Review Score Extraction Fails with Markdown Formatting
When reviewers use markdown formatting in their score phrases (e.g., **4/5** stars or `4 out of 5`), the review score extraction regex may fail to match. This results in the watcher missing explicit scores and potentially merging PRs prematurely despite unfinished reviewer feedback. Mitigation: the score extractor looks for patterns like 5/5 and 5 out of 5. If a reviewer uses markdown around the score, manually extract the numeric rating and document it in the PR thread before proceeding.
See references in each workflow section below for prevention strategies.
Defaults
- Poll open PR state every 60 seconds.
- Use one watcher session per PR.
- Prefer fixing valid review feedback before retrying flaky CI.
- Treat reviewer scores as real requirements when explicitly stated.
- Use repo-native templates and signals before falling back to bundled defaults.
Preflight
- Confirm you are on the PR branch, not the default branch.
- Confirm
gh auth statusworks. - Check for unrelated uncommitted changes before editing.
- Resolve the PR template before opening or rewriting the PR body.
PR Template Handling
Use the resolver script first:
python3 skills/babysit-pr/scripts/resolve_pr_template.py --json
⚠️ Related gotcha: See "Watcher Script Exits Silently (Template Resolution)" under Common Failure Modes. Always validate template resolution before starting the watcher.
Rules:
- If the repo has a pull request template, preserve its section structure and fill it thoughtfully.

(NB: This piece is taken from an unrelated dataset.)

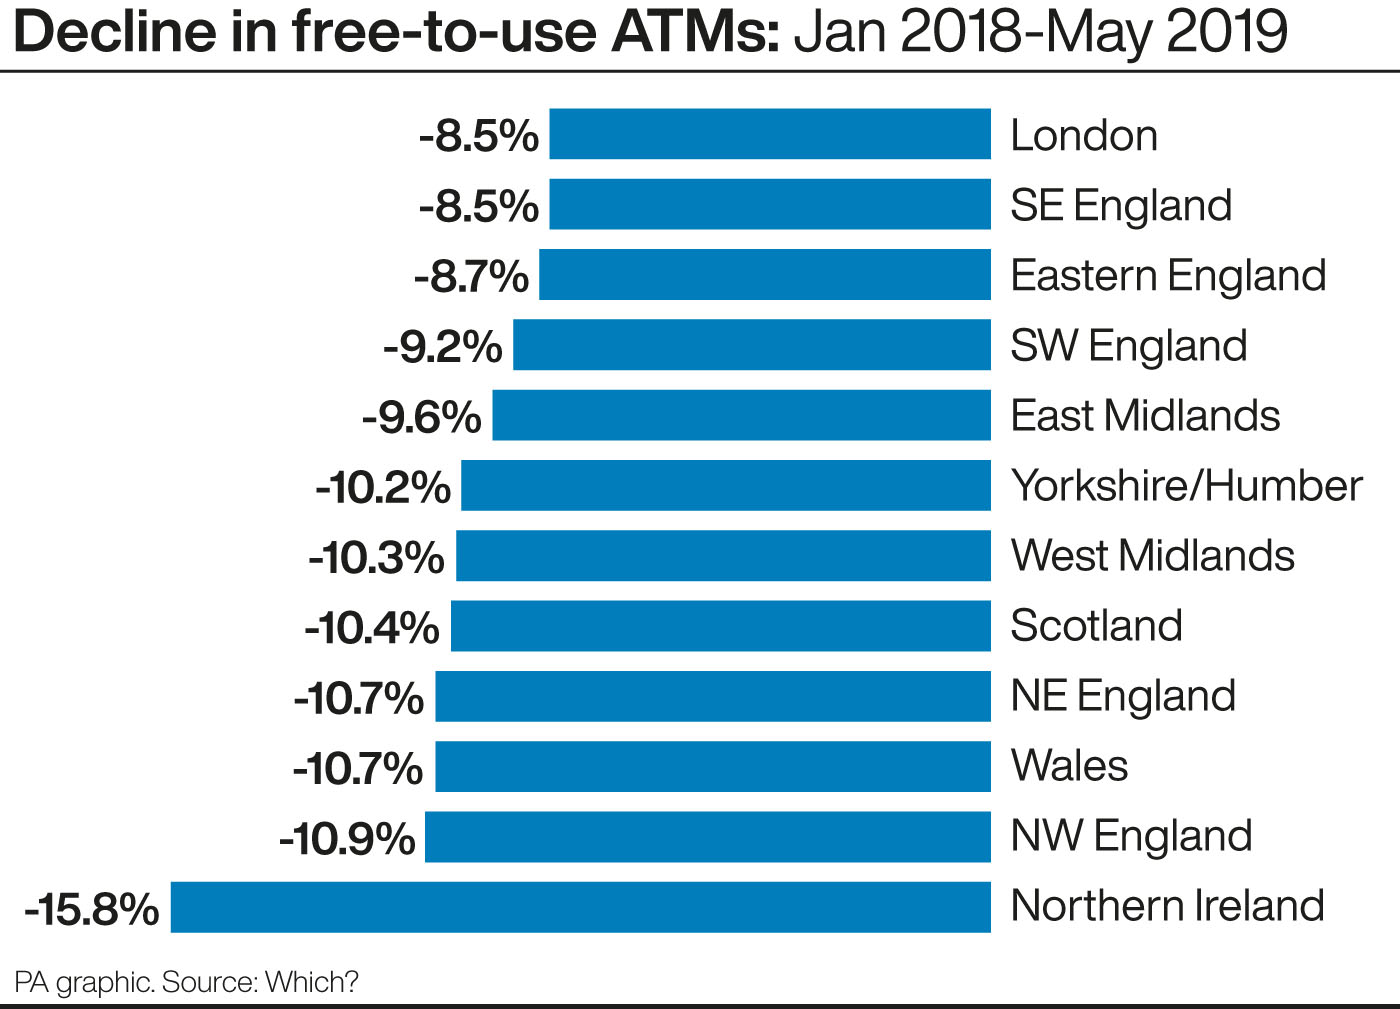 Decline in free-to-use ATMs: Jan 2018-May 2019.

- If no repo template exists, use the bundled fallback at
assets/default_pr_template.md. - Prefer
gh pr create --body-fileorgh pr edit --body-filewith a prepared body that mirrors the resolved template. - Do not discard checklist items unless they are clearly irrelevant and leaving them blank would be misleading.
Creation Workflow
- Resolve the template.
- Write a tight PR title.
- Build a PR body that includes summary, testing, and rollout notes.
- Push the branch.
- Create or update the PR.
- Start the watcher immediately after the push succeeds.
Helpful commands:
gh pr create --base <default-branch> --title "<title>" --body-file <body-file>
gh pr edit <pr-number> --title "<title>" --body-file <body-file>
python3 skills/babysit-pr/scripts/gh_pr_watch.py --pr auto --watch
Watcher Workflow
The watcher emits snapshots and recommended actions. Start with:
python3 skills/babysit-pr/scripts/gh_pr_watch.py --pr auto --watch
⚠️ Related gotchas: See Common Failure Modes for "Multiple Watchers on Same PR" and "Watcher Script Exits Silently." Ensure no stale watcher processes are running before starting, and verify template resolution completes cleanly.
Key actions:
process_review_comment: inspect the new comment or review and decide whether it is valid, relevant, and actionable on the current branch.improve_review_score: a trusted reviewer gave an explicit score below the maximum; do not treat the work as complete yet.diagnose_ci_failure: inspect failed logs and decide whether the failure is branch-related.retry_failed_checks: rerun failed checks only when the failure looks flaky or unrelated.stop_ready_to_merge: CI is green, no outstanding trusted review items remain, and mergeability is clean.stop_pr_closed: the PR merged or closed; if merged, transition to deployment monitoring.stop_exhausted_retries: flaky retry budget is exhausted; ask the user for help with evidence.
CI Failure Policy
Use references/heuristics.md for the classification checklist.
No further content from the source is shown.